• Information provided:
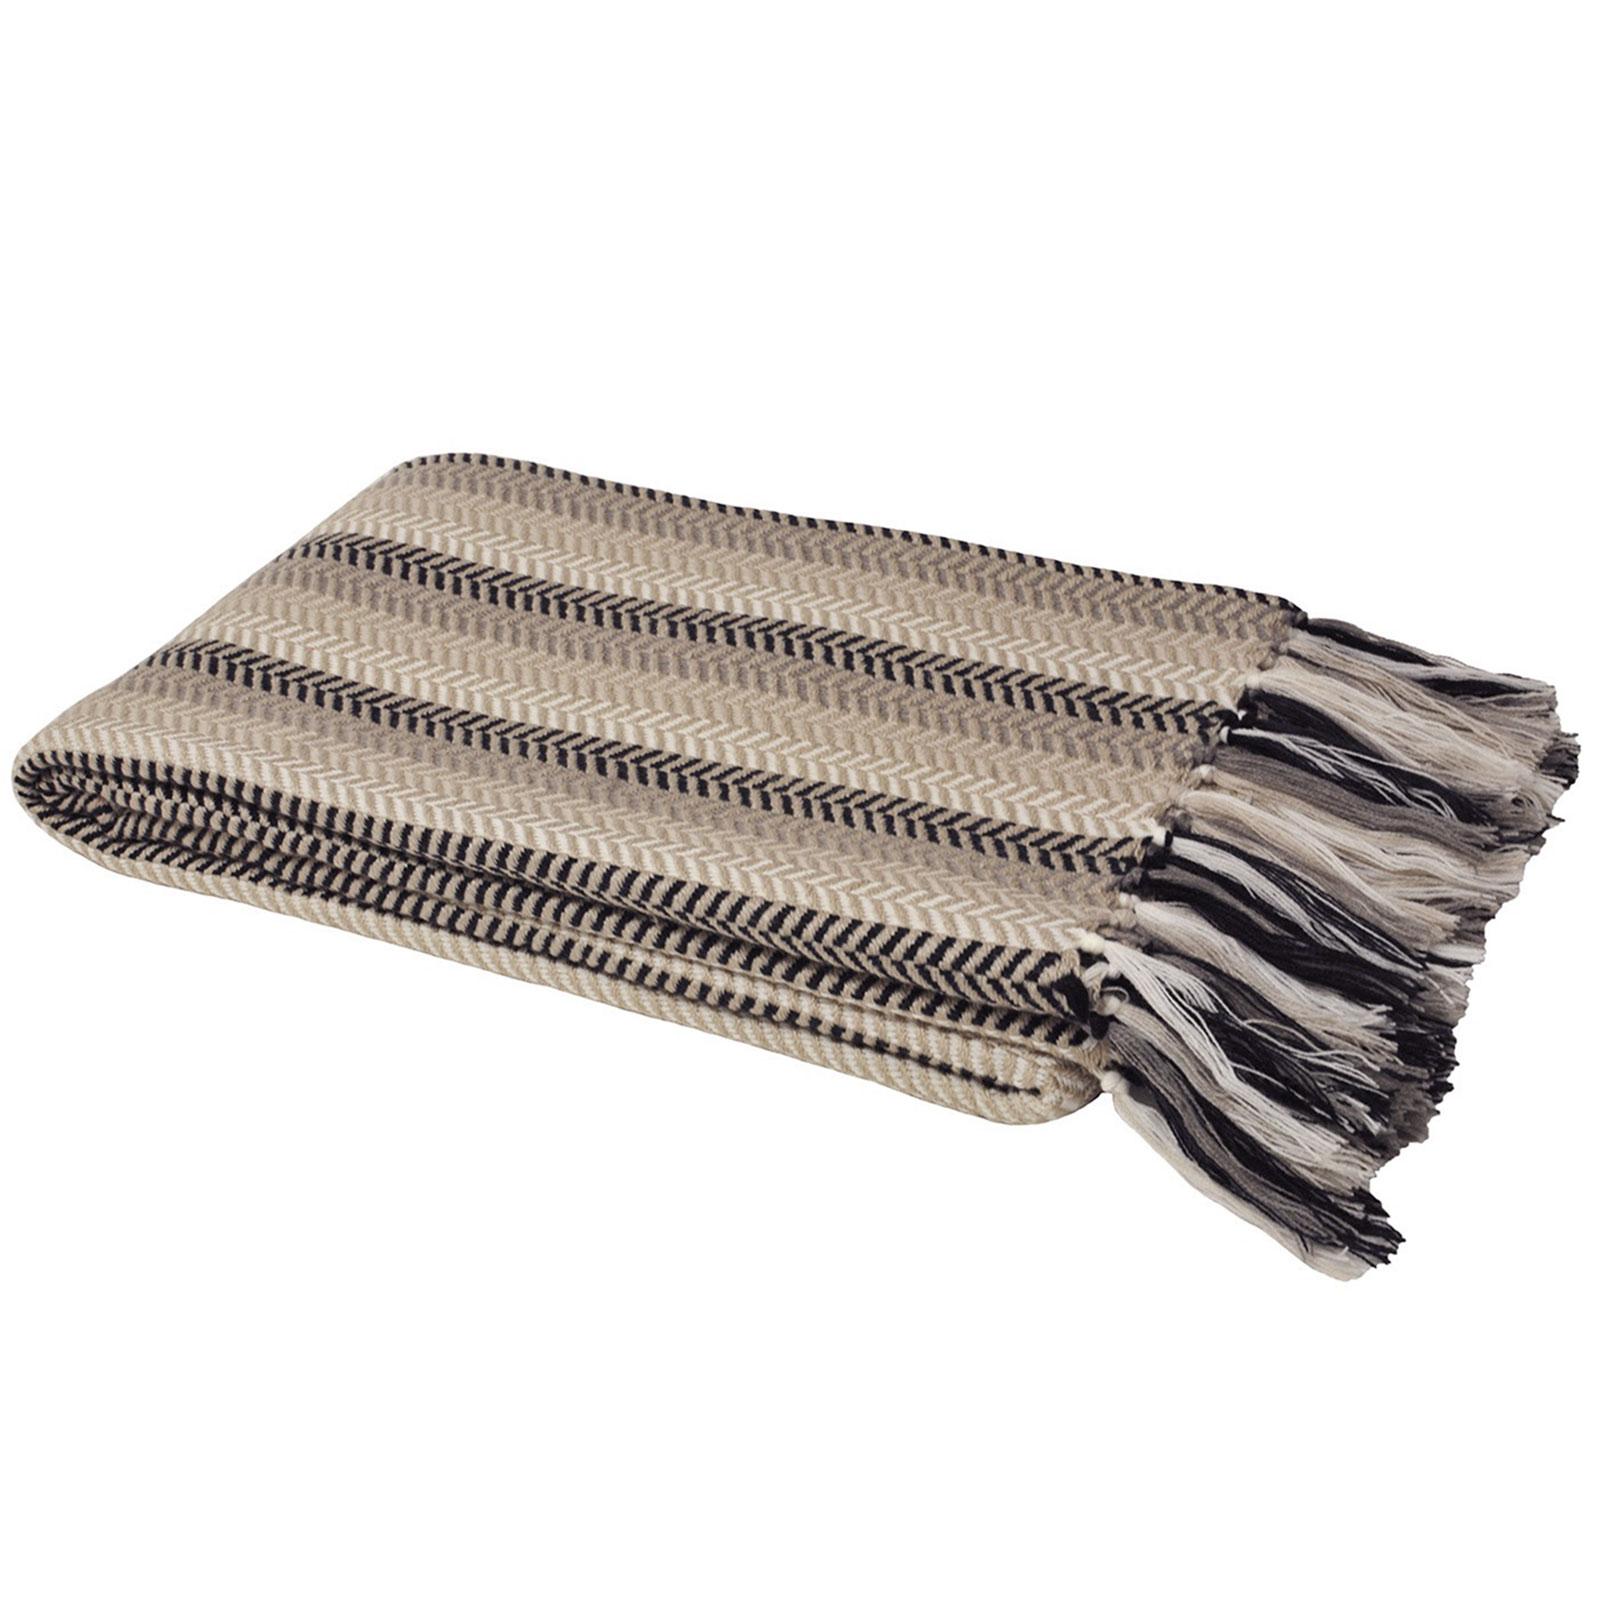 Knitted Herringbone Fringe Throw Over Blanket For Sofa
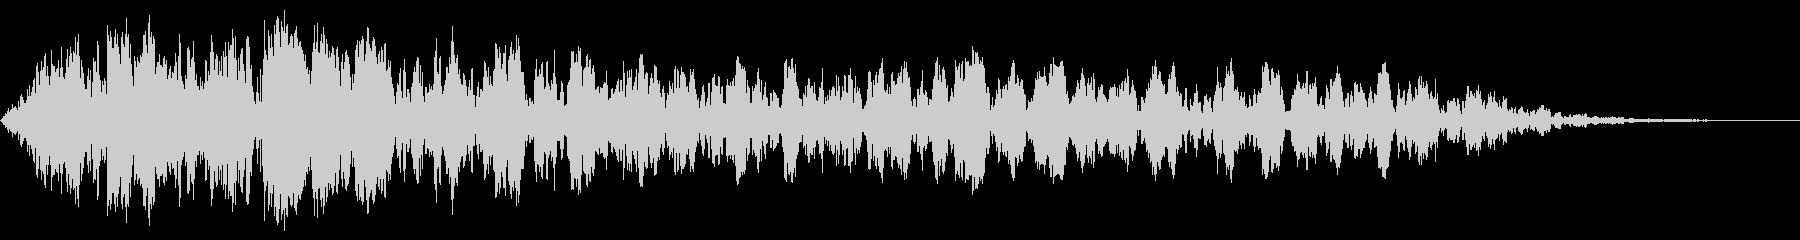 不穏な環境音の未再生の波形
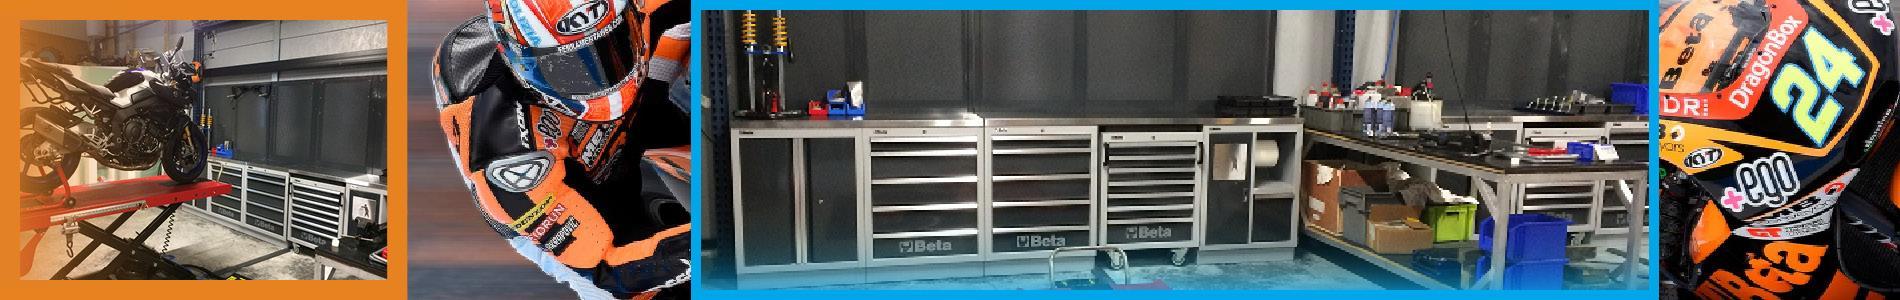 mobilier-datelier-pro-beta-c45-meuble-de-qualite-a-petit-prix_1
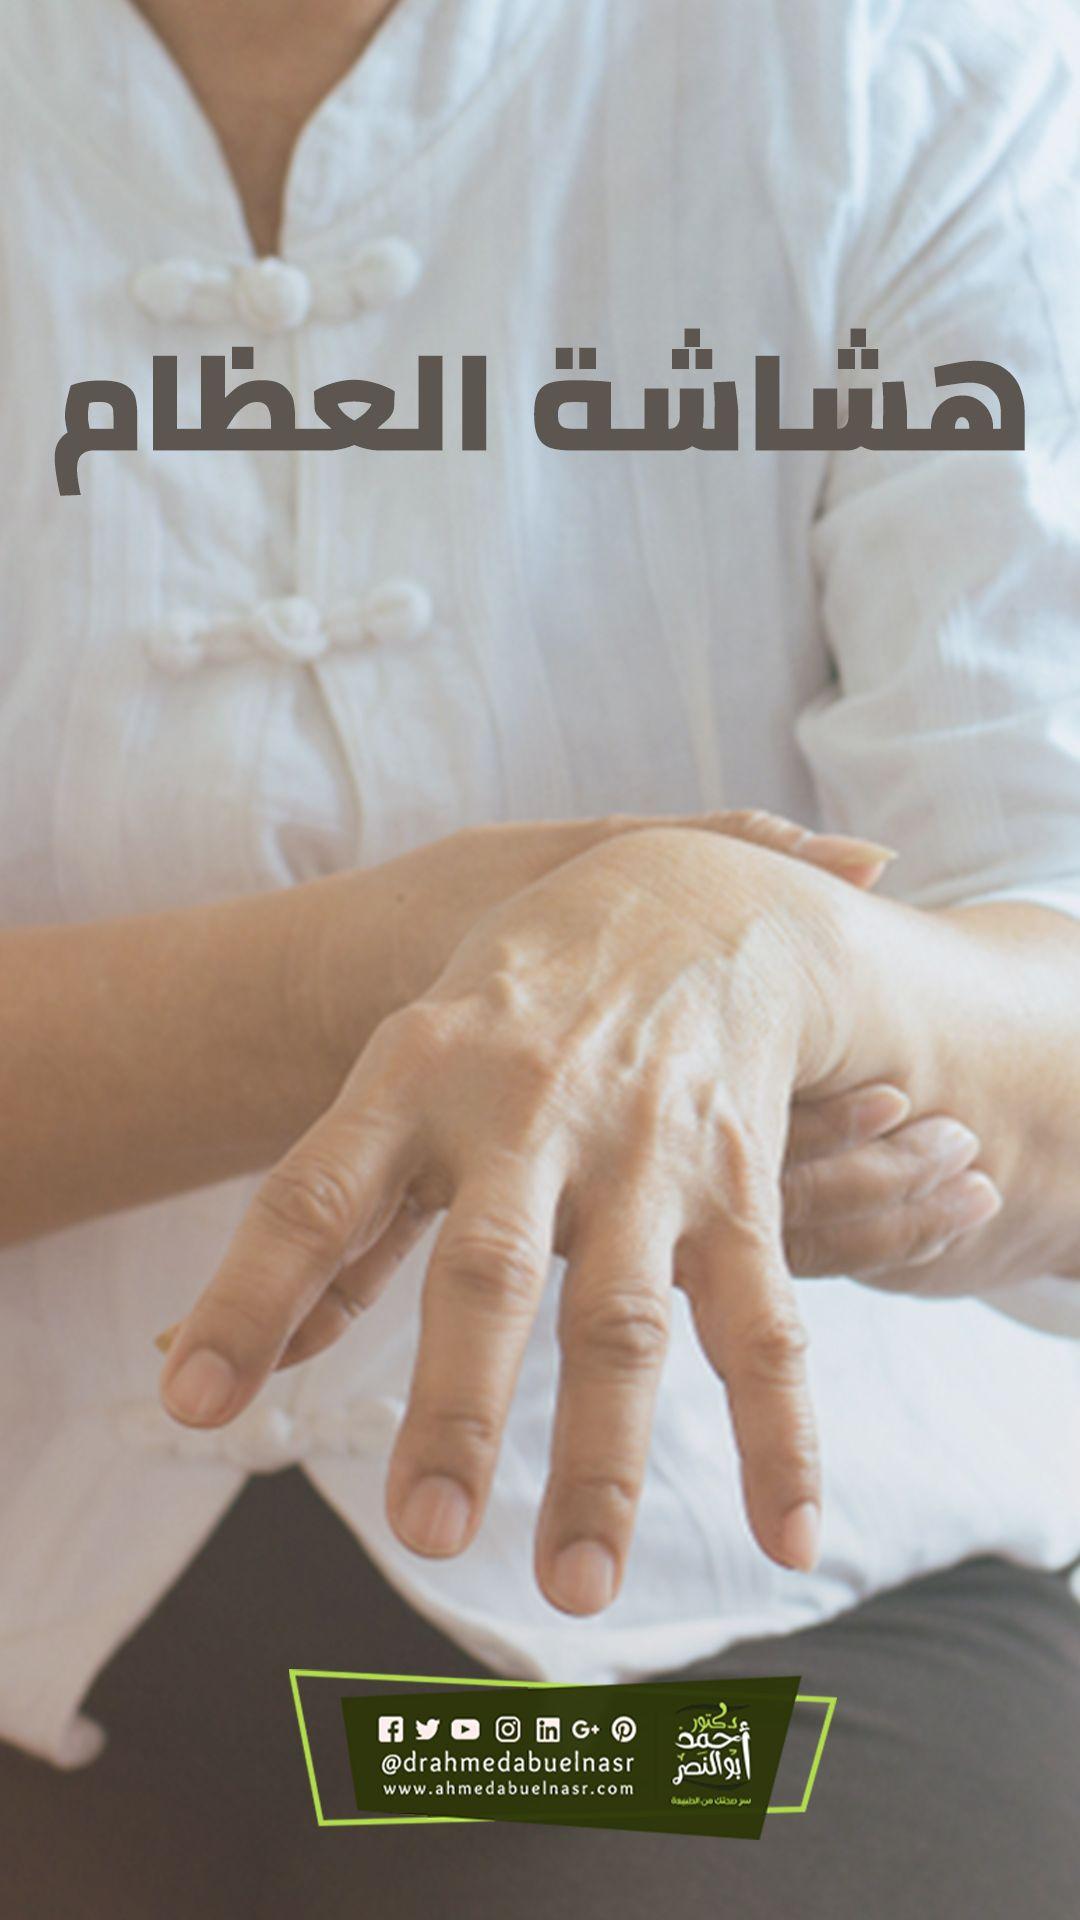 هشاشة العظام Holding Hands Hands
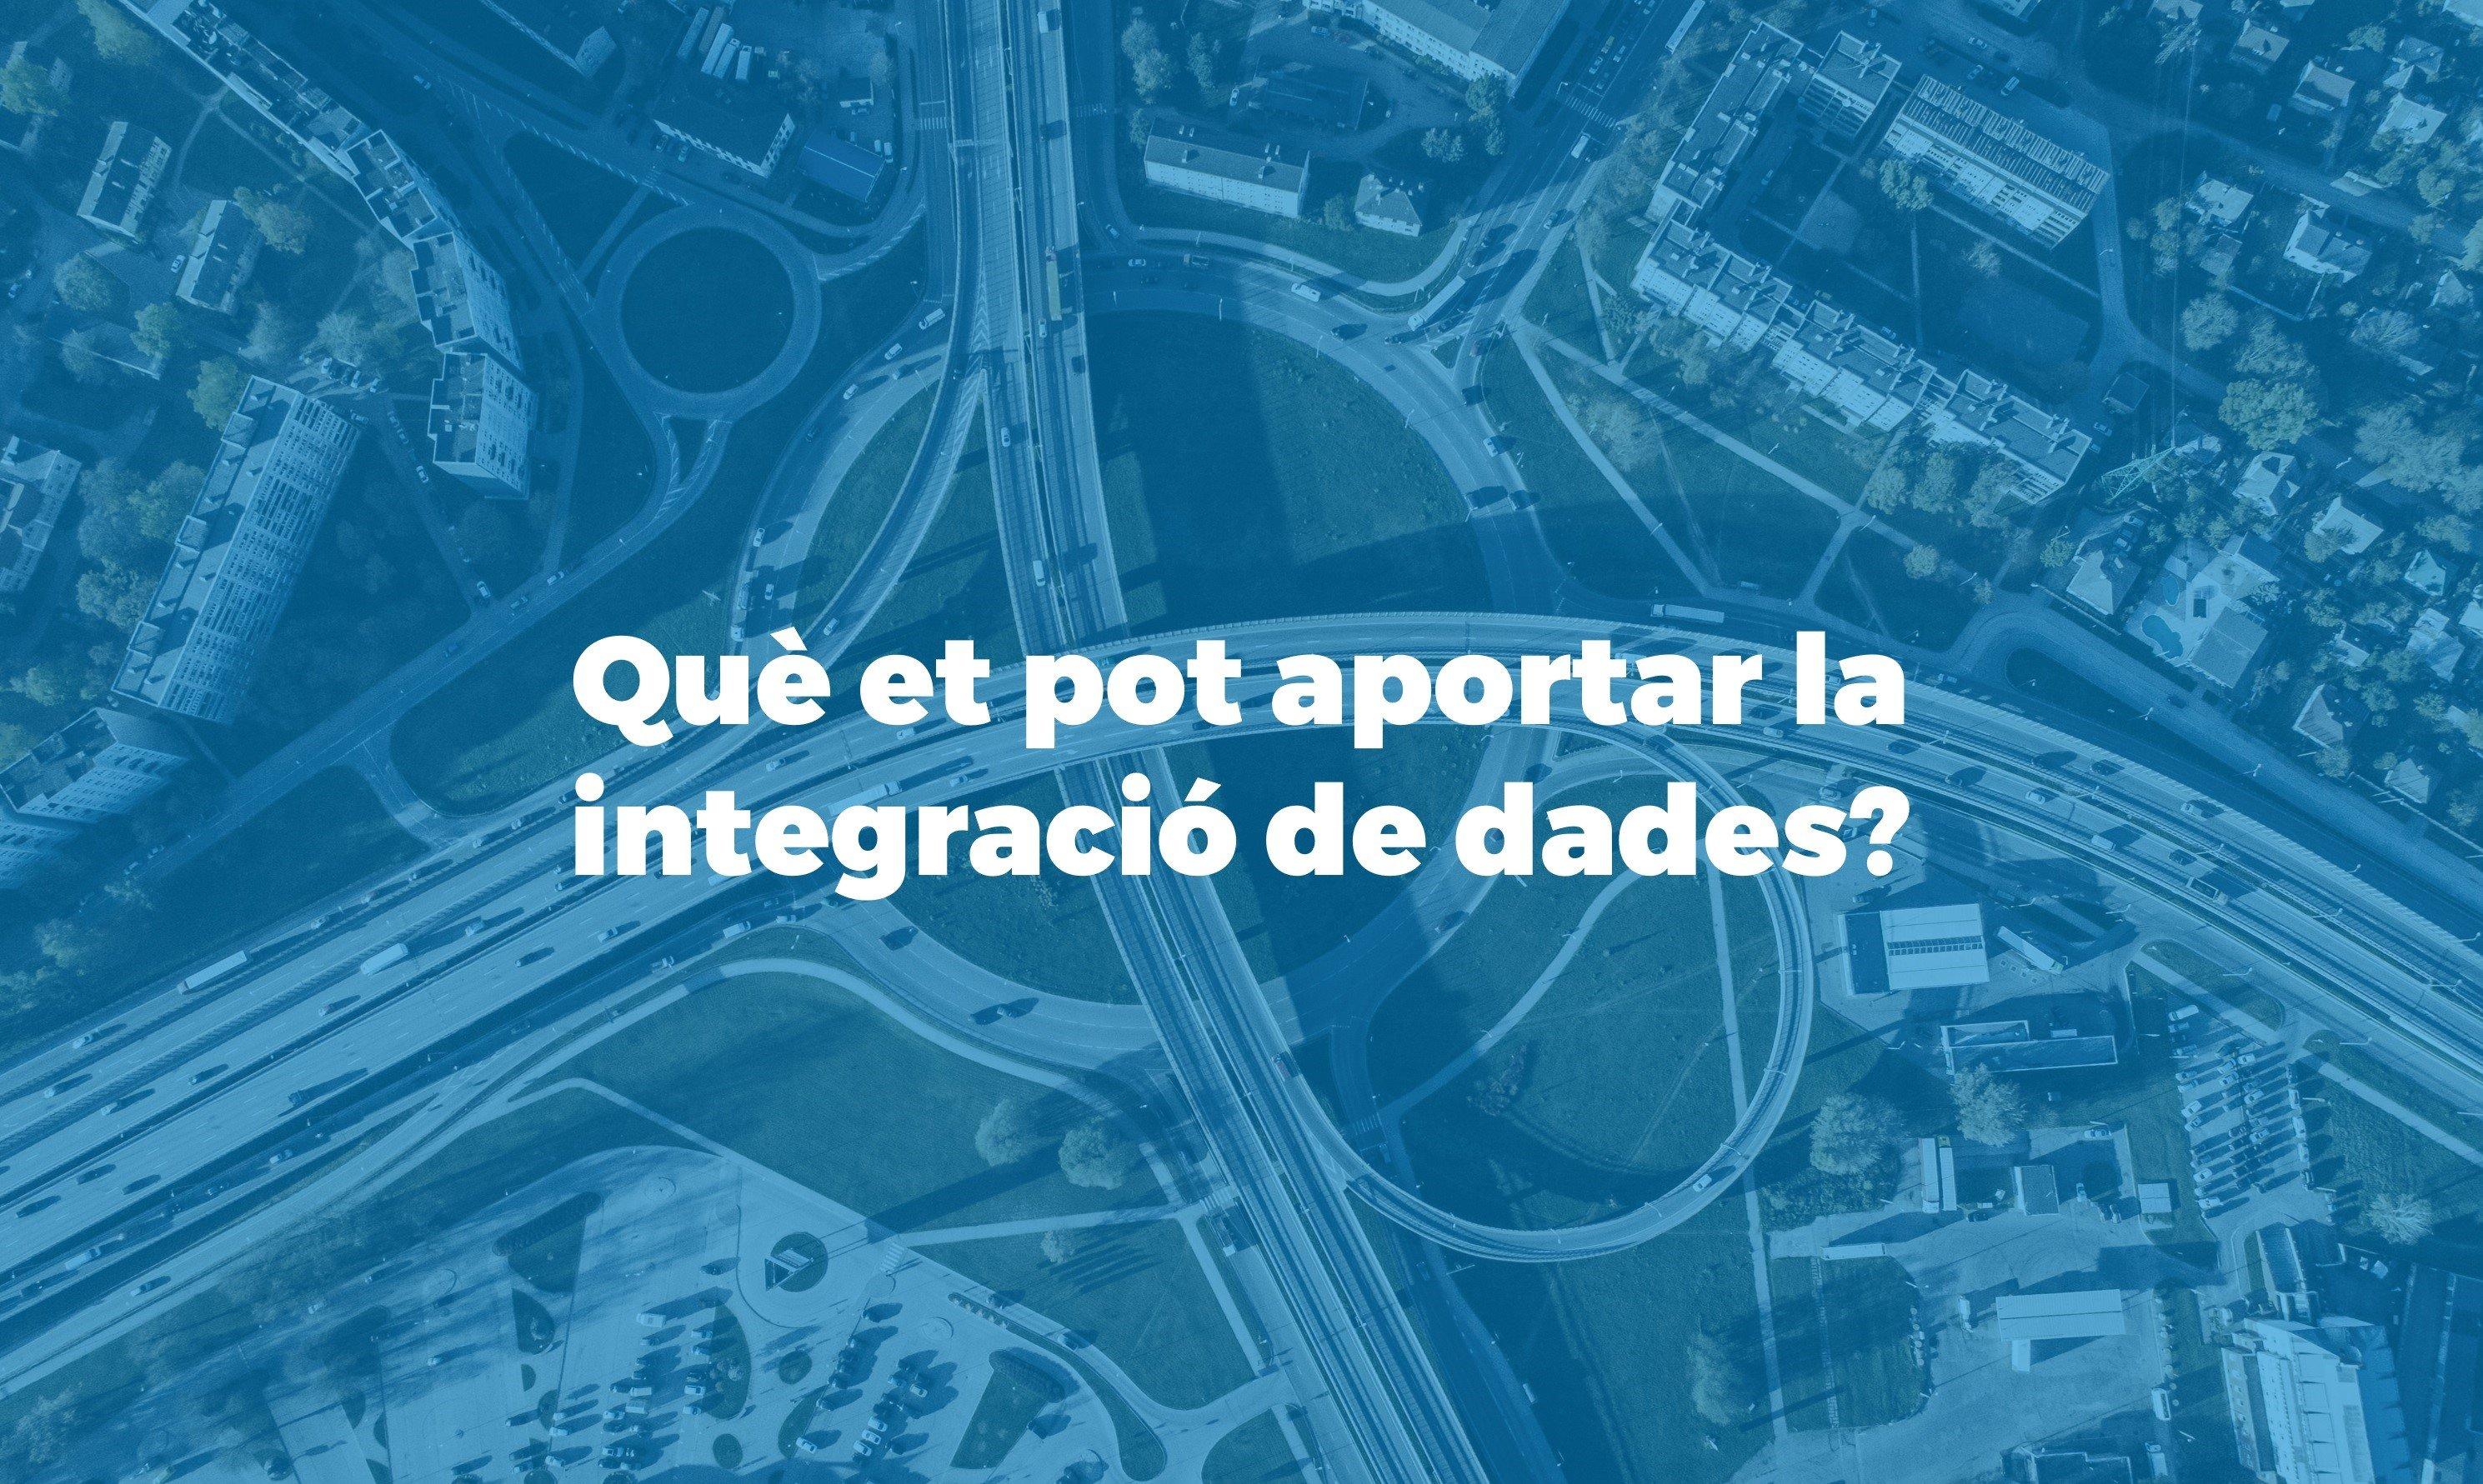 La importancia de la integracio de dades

• Instructions for the task: Leaving out all pictures, print exactly the lines above from the one containing "mobilier-datelier-pro-beta-c45-meuble-de-qualite-a-petit-prix_1" through the last line of the entries.

• Answer to the exercise:
 mobilier-datelier-pro-beta-c45-meuble-de-qualite-a-petit-prix_1
 هشاشة العظام Holding Hands Hands
 La importancia de la integracio de dades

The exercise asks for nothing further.